I was still on another planet as I held my new daughter for the first time. I didn't cry or even speak. My heart was filled with joy, love and relief as I kissed the top of her head. Keenan said, "You did it baby", and I rested my head on the edge of the tub. I did it. She was here and she was perfect.
Keenan cut the cord, and I held my baby-trying to process everything in my head. I couldn't believe how everything happened and that it was over. Charlotte and her assistant helped me into my bed and checked Amera over. Both of us were good.

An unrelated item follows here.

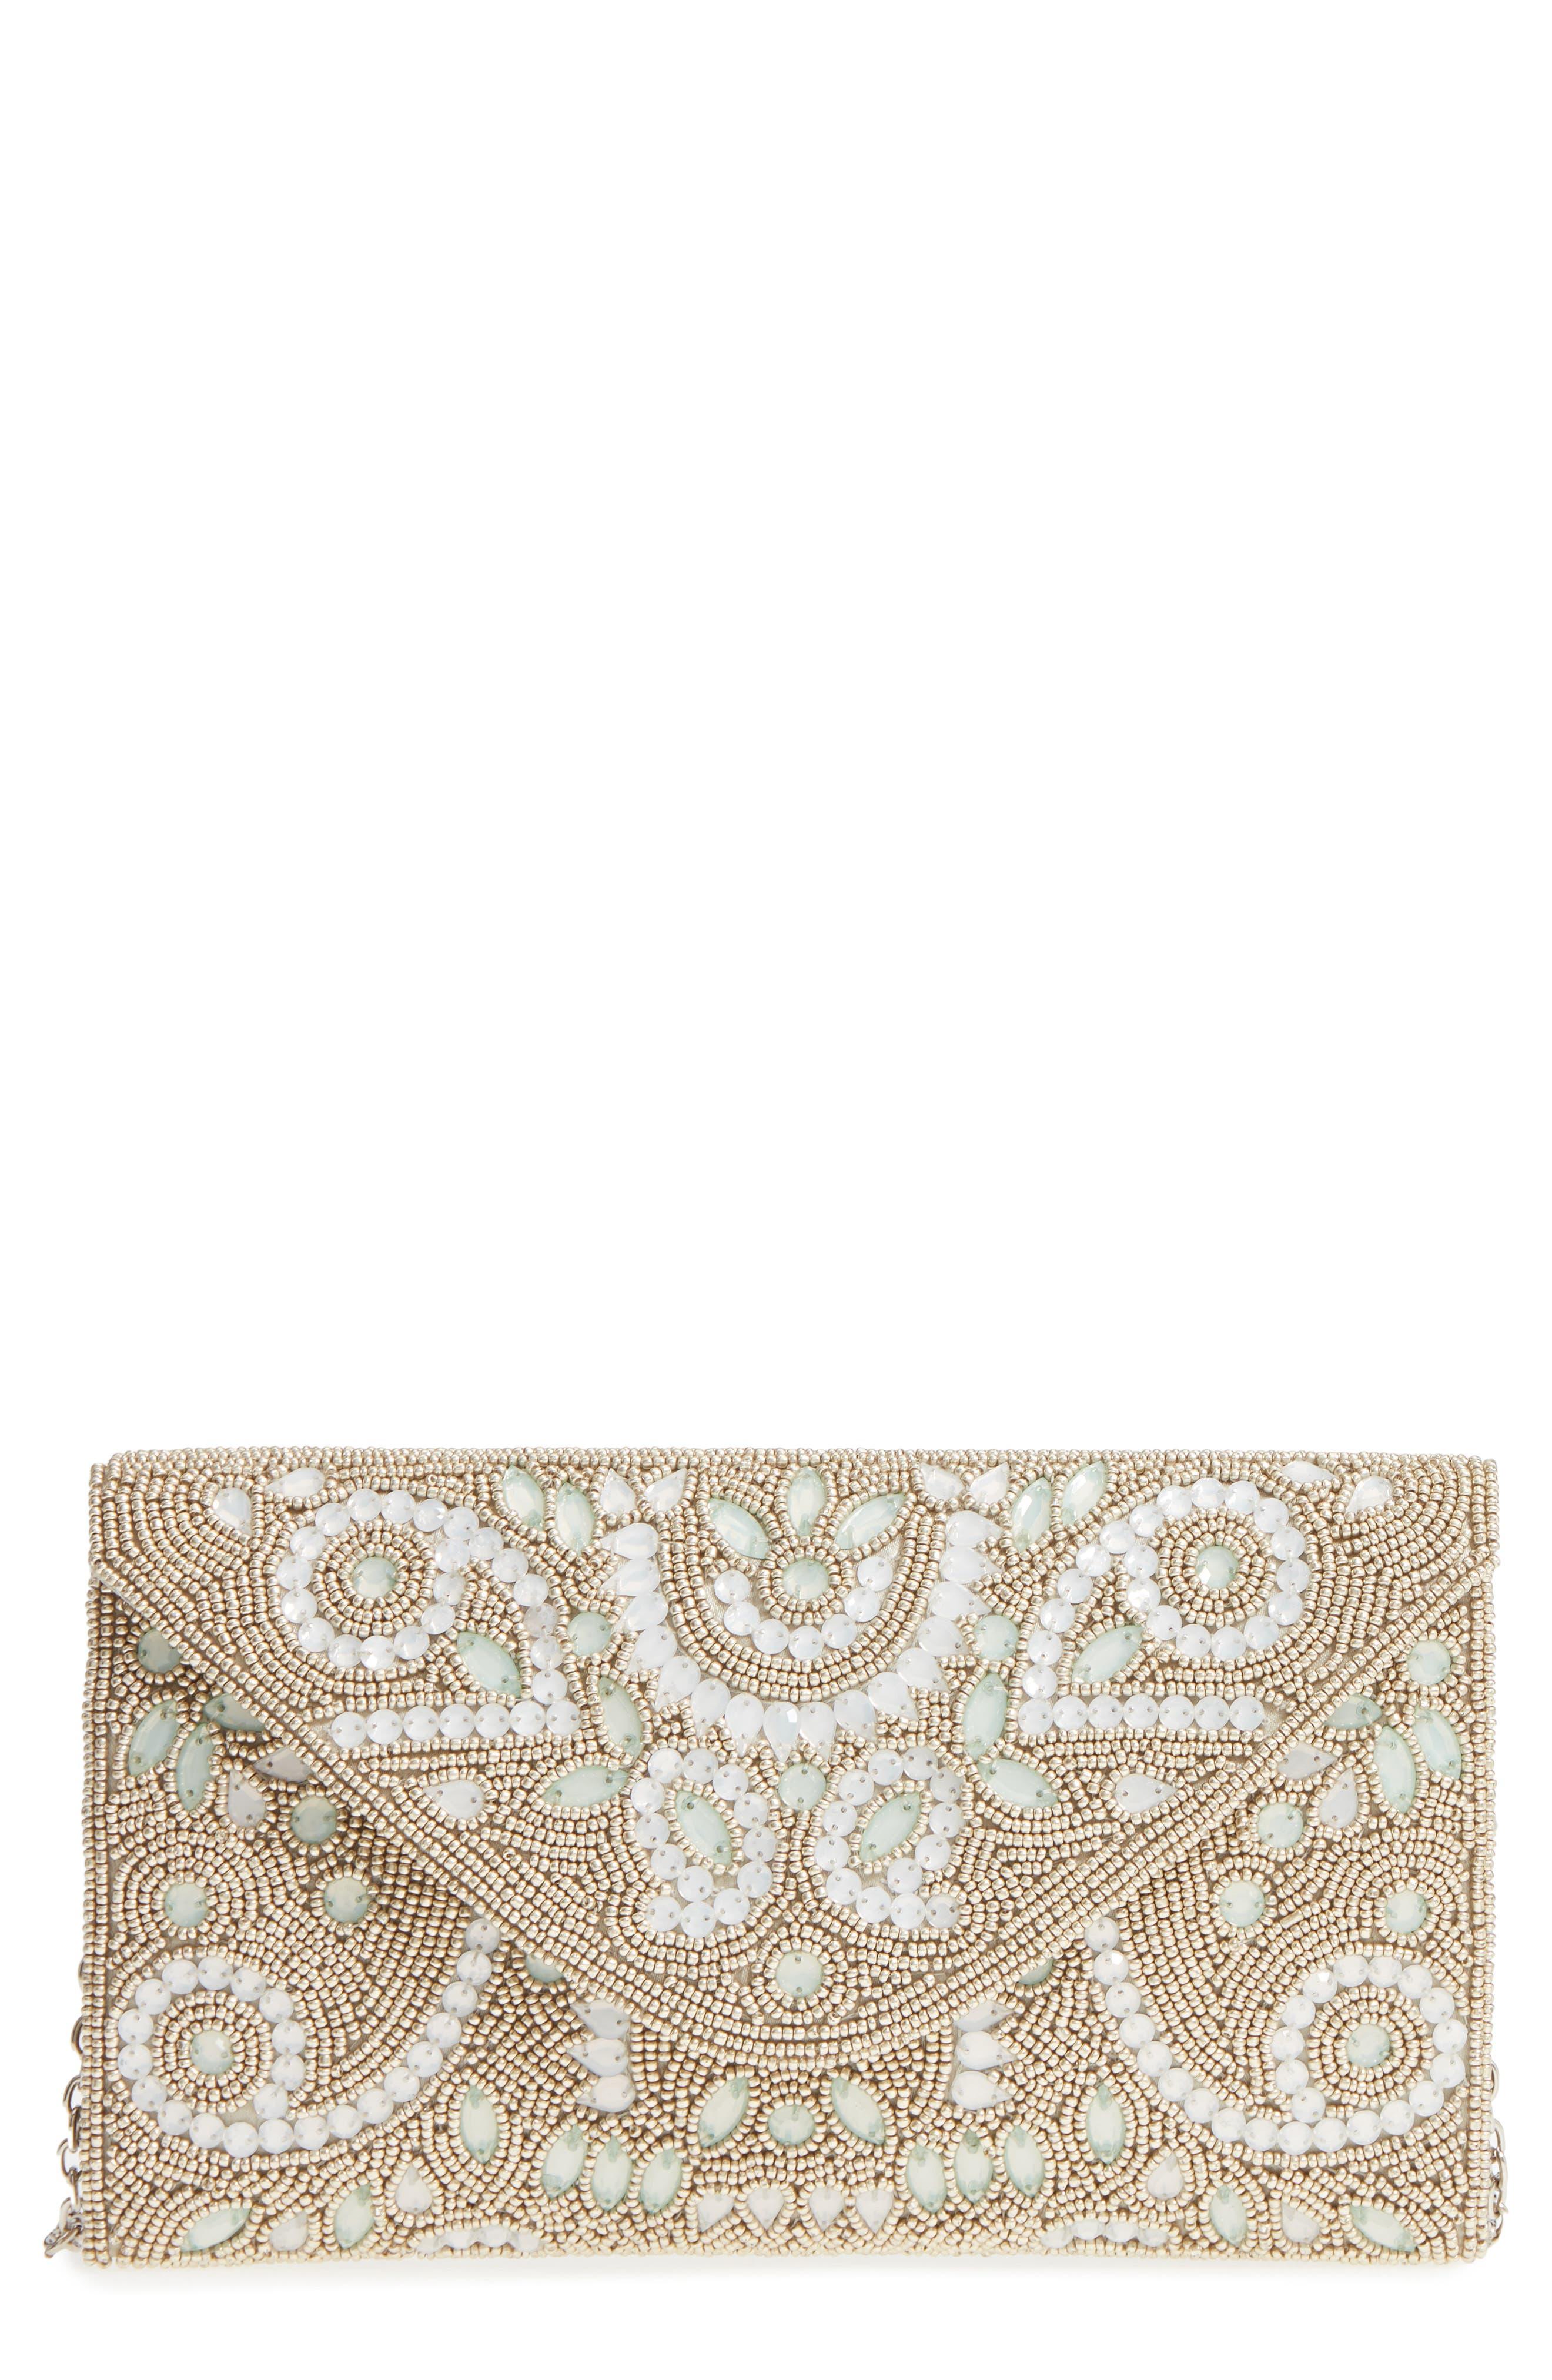 Embellished Envelope Clutch,                         Main,                         color, Silver/ Mint

It was an amazing feeling to be in my bed, skin to skin with my new baby. In the hospital they would have taken her away to check, bathe, weigh her etc. I got to hold my baby immediately and for as long as I wanted. Keenan got in the bed with us and it was such a special moment for me to be with my husband and welcome our new daughter into our lives and into our home. Another special moment was when Andre and Selah woke up the next morning and got to meet their new little sister.

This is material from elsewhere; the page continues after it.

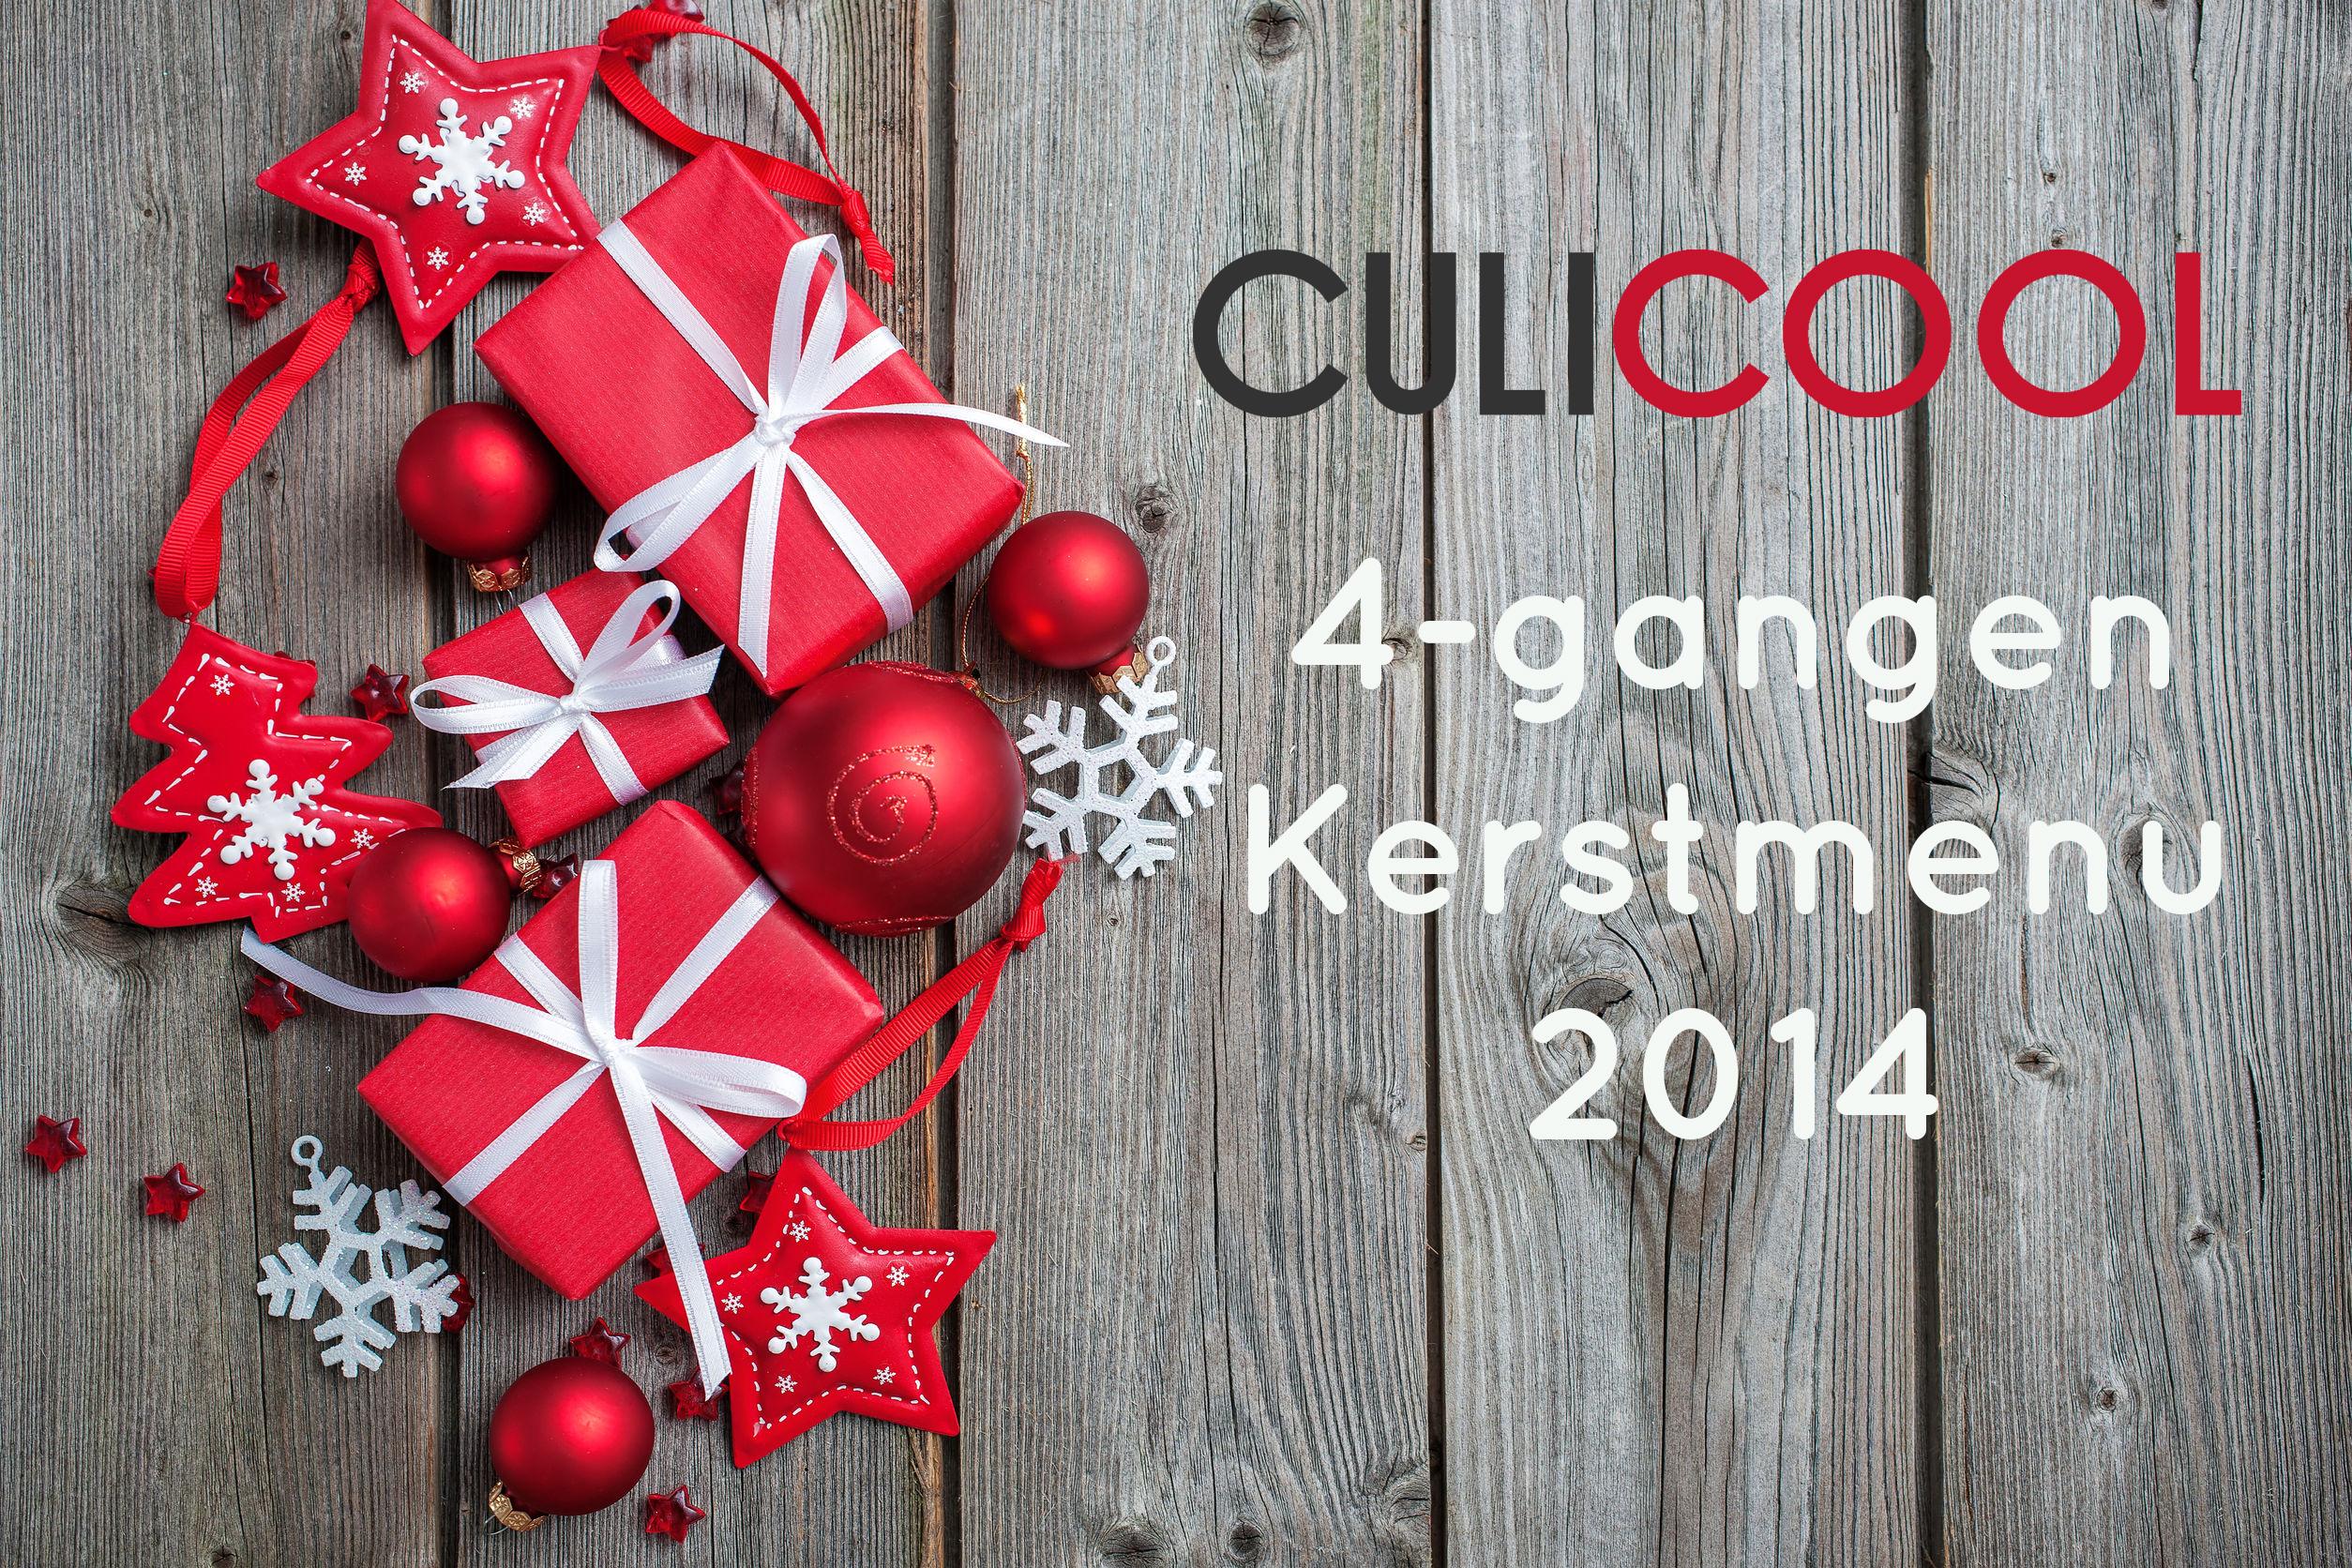 Een 4 gangen kerstmenu wat snel lekker en supergezond is u2014 culicool

I know that home-birth isn't for everyone, but it was the right decision for our family, and I will forever treasure the memory. I truly believe that birth is transformative for a woman. I feel like I was re-born with the birth of each of my children. Through each experience (one bad hospital experience, one good hospital experience and one home birth), I have learned so much. I've learned that while childbirth may not be pain free-it can be fear free. I've learned that toughness gets you no where, you have to surrender. I've learned that God created an amazing body and a powerful mind. Childbirth has made me more confident in myself as a woman, wife and mother. I hope that every woman can experience birth the way she wants to, so she can carry the memories in heart as a gift. When I watched Amera's birth video for the first time I noticed that the song Blackbird sung by Sarah McLachlan was playing when she was born. I have a feeling Amera will hear that song often when I sing to her at night..."all your life, you were only waiting for this moment to arise."